On the other hand, when claiming willful misconduct, an employer needs to prove that the safety rule or other duty was reasonable, was known to the employee and was for the employee’s benefit, and that the employee intentionally engaged in the forbidden act. The employer also needs to prove that the employee’s misconduct was a cause of injury.
In his appeal, Mizelle argued the Commission was incorrect in finding that he willingly failed to put on his seat belt and that this failure to wear his seat belt was the cause of his injuries. He contended that Holiday Ice was required to prove his intention not to wear his seat belt, and this required evidence of more than negligence through inattention.
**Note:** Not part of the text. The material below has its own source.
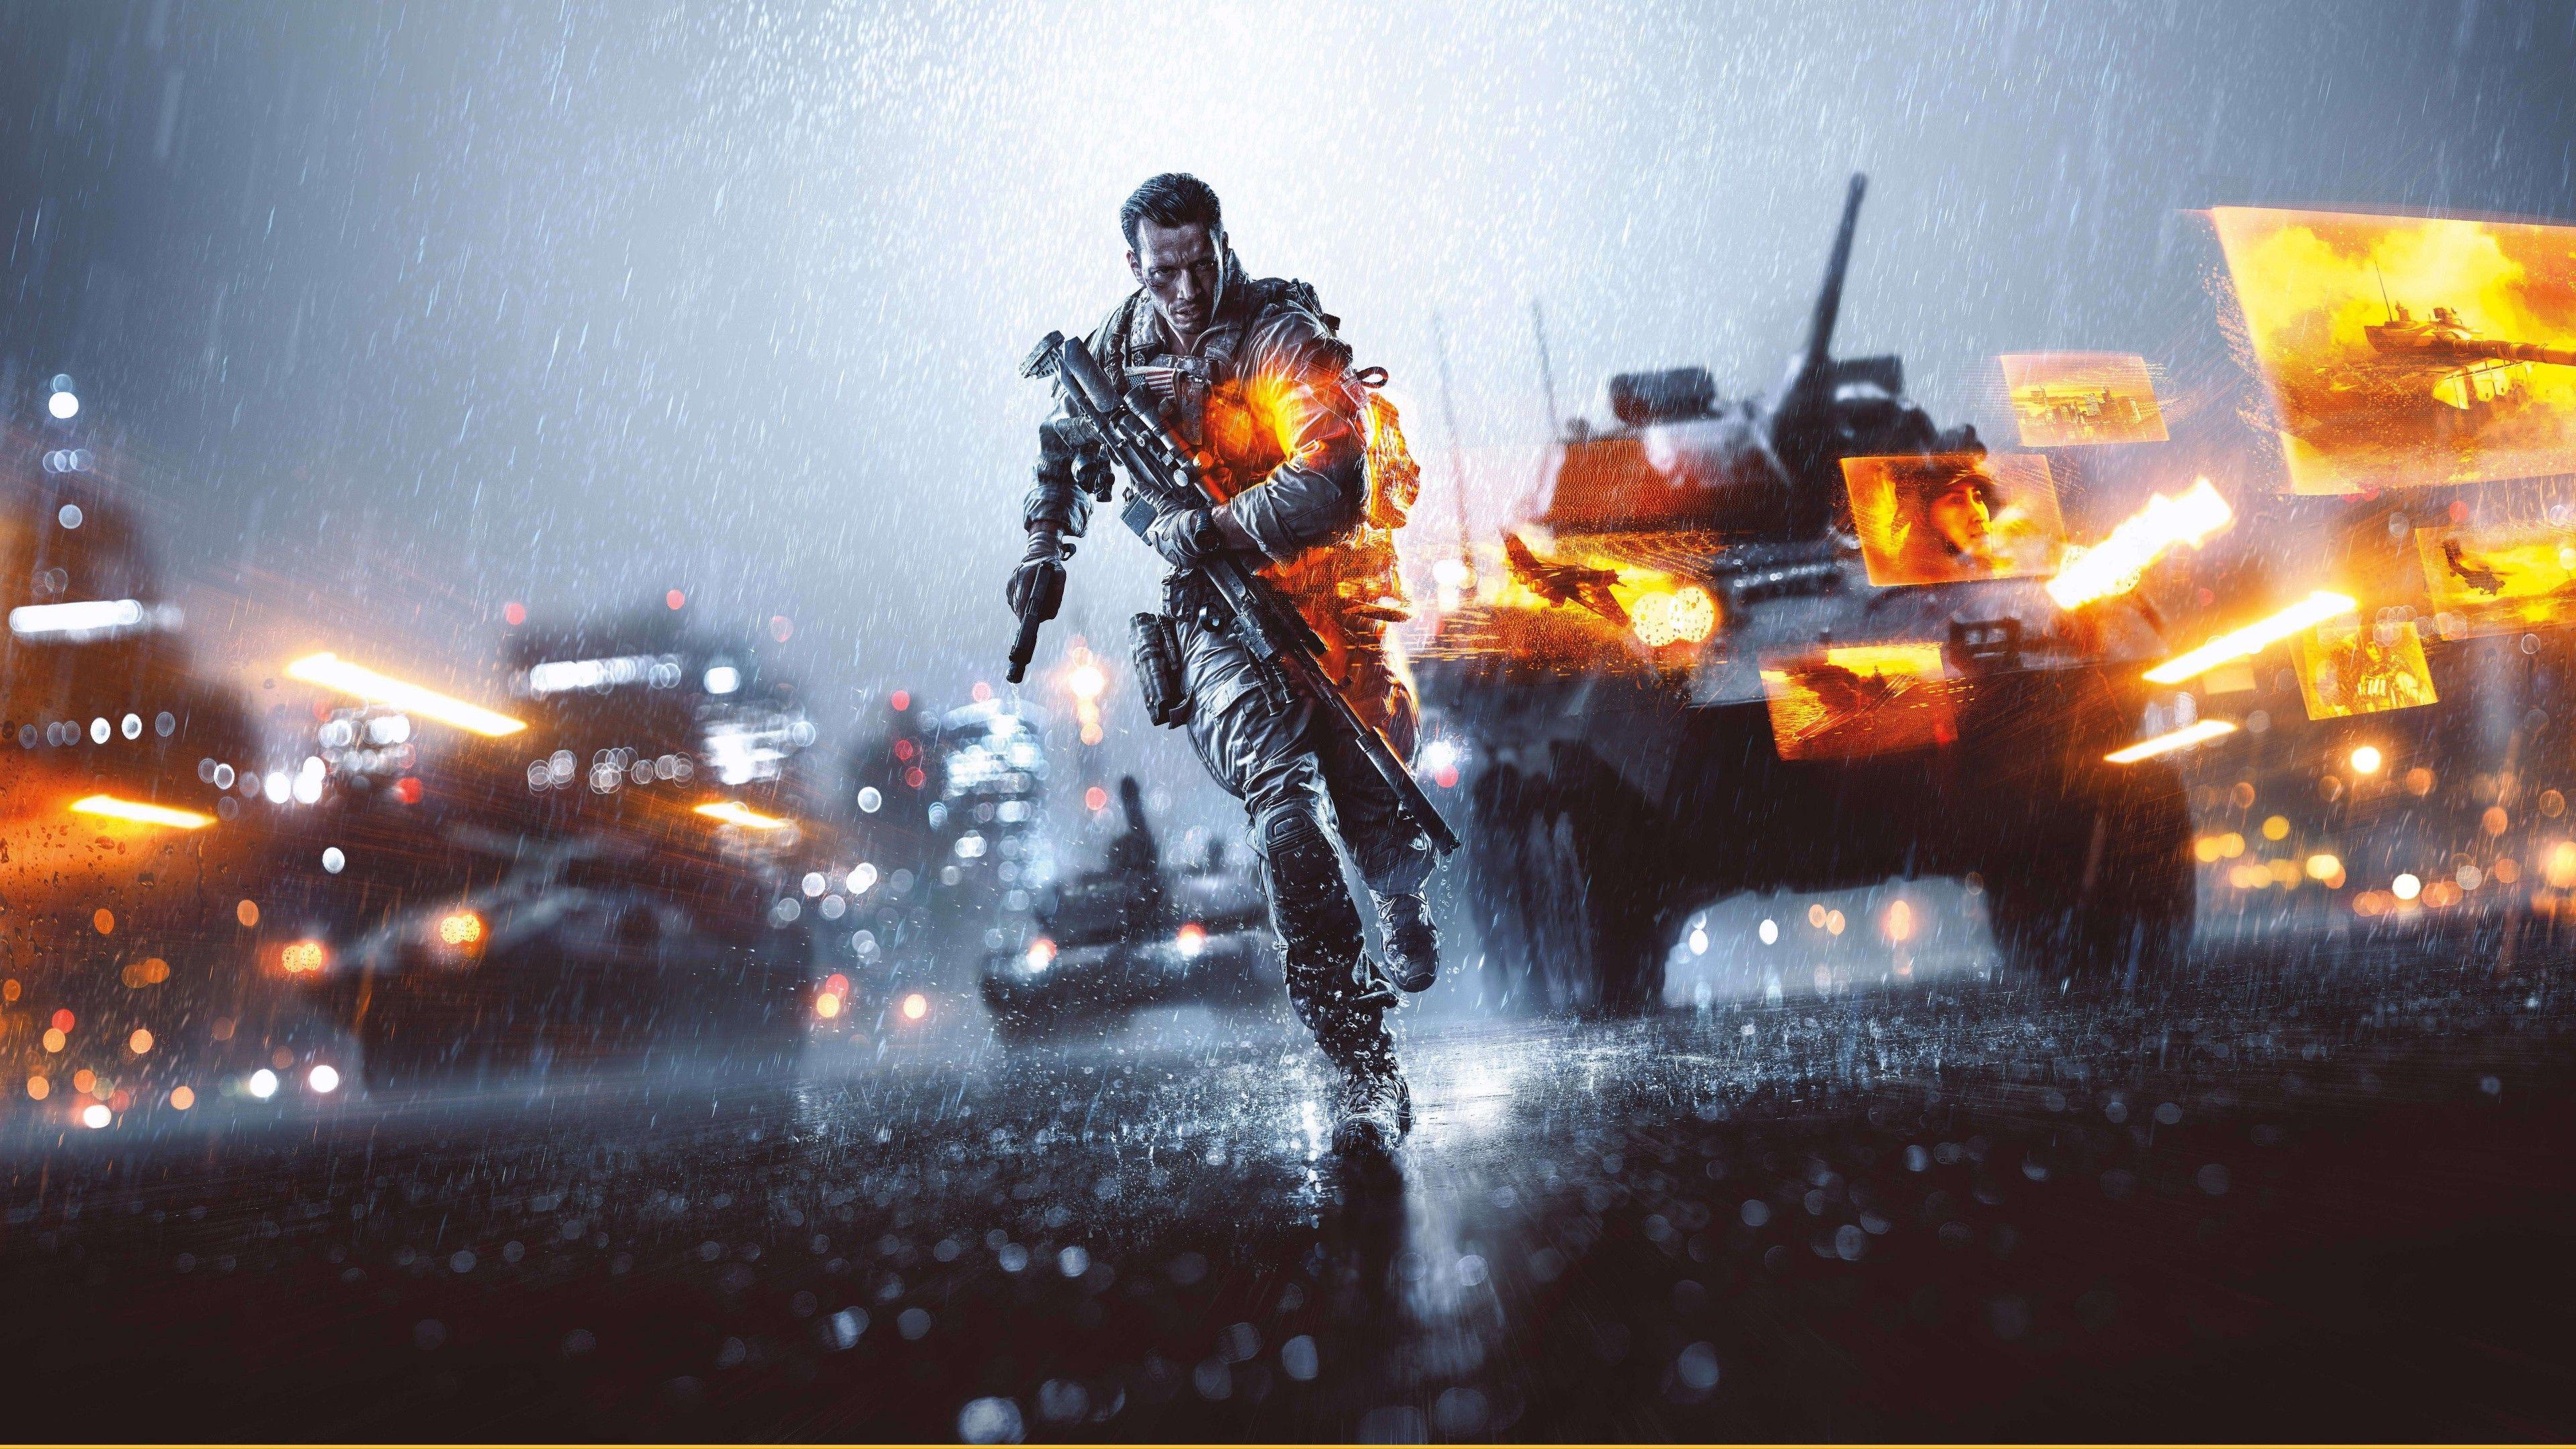 Best Ultra Hd Wallpapers 8k 3840x2160 Battlefield 4 Battlefield Digital Wallpaper
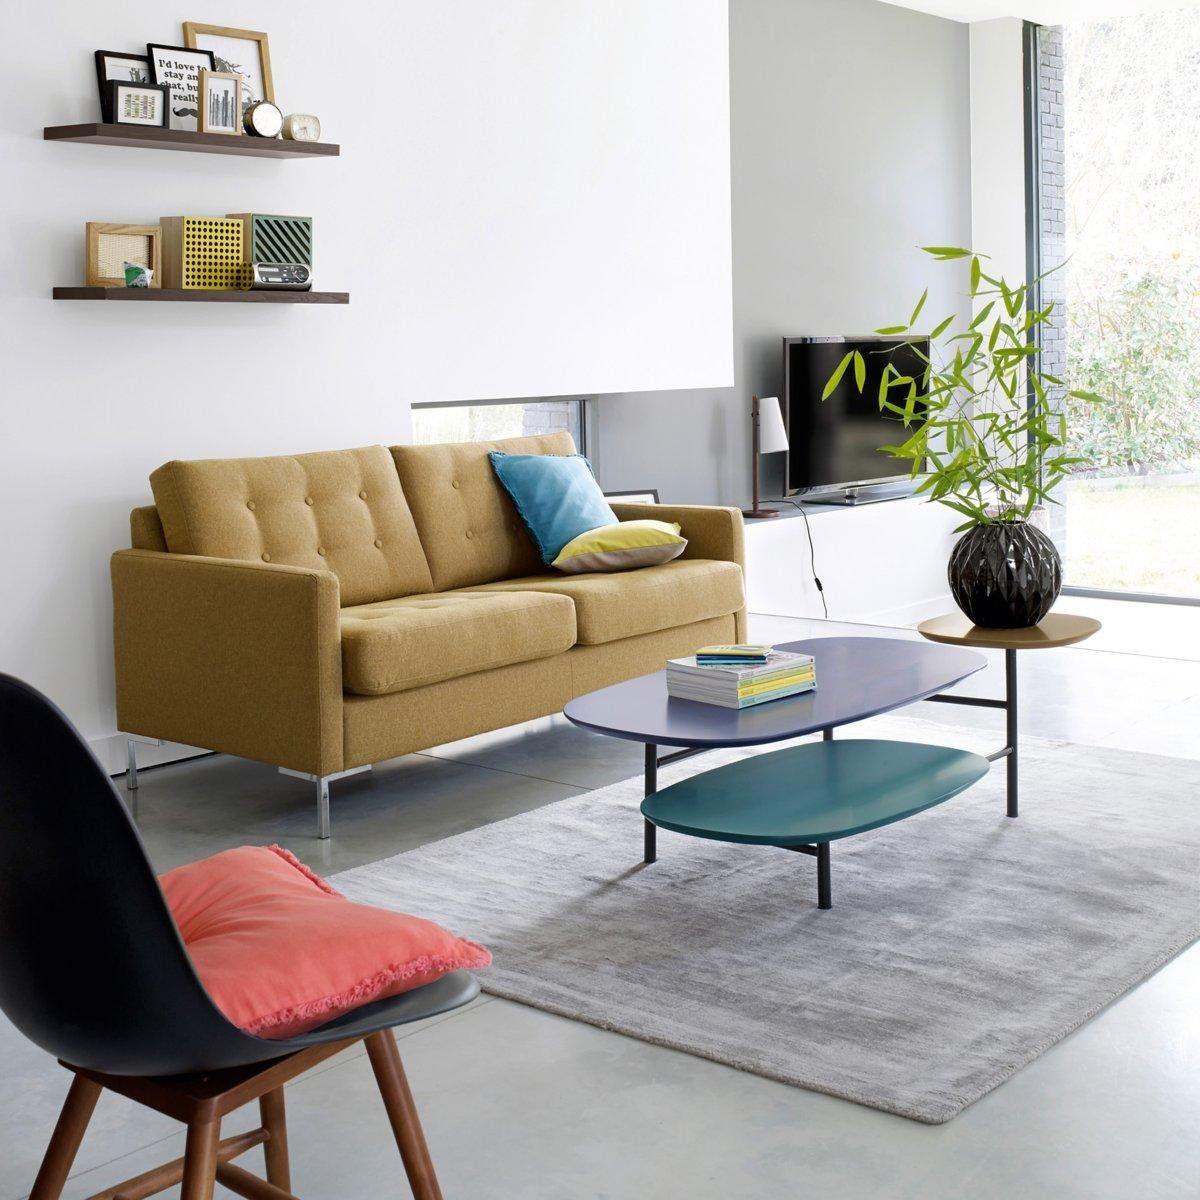 table basse 3 plateaux cr ateur guillaume delvigne sam baron meubles et d co la redoute. Black Bedroom Furniture Sets. Home Design Ideas

He also argued that there was insufficient credible evidence to prove that his injuries were caused by his failure to wear his seat belt. He contended that although he only testified to the impact when he hit the ground after being ejected from the truck, given the nature of the collision and his loss of consciousness, he would not have been able to differentiate the impact from the collision and the impact from hitting the ground.
Additionally, Mizelle claimed there is no credible evidence that his injuries would have been prevented by wearing a seat belt. He challenged the Commission’s reliance on Dr. Martyak’s opinion because the questionnaire completed by the doctor was prepared by Holiday Ice’s counsel, lacked a narrative format and contained leading and conclusory assertions, according to the court record.
In its decision, the appeals court found that it is unnecessary for Holiday Ice to provide evidence showing Mizelle knew Virginia’s seat belt law and was determined to break it, because it is enough to show that he knew of the rule and intentionally did not wear his seat belt.
Additionally, Mizelle testified that he intended to put his seat belt on “at some point,” but did not put it on when he began driving the truck. The appeals court stated this shows he was purposefully violating the rule. With this in mind, it concluded the Commission was correct in finding that Mizelle’s failure to wear his seat belt was willful.
The court was also not persuaded by Mizelle’s argument that there is no credible evidence his injuries could have been prevented by wearing a seat belt, as Dr. Martyak stated Mizelle’s injuries were consistent with being ejected from the vehicle and having an impact with the ground, rather than being due to other factors.
With this in mind, the court found credible evidence to support the Commission’s determination that Mizelle willfully failed to wear a seat belt and that this was the cause of his injuries. It affirmed the Commission’s decision that Mizelle’s willful misconduct barred him from receiving an award of benefits.
The case is Parker Mizelle v. Holiday Ice, Inc. and Graphic Arts Mutual Insurance Company.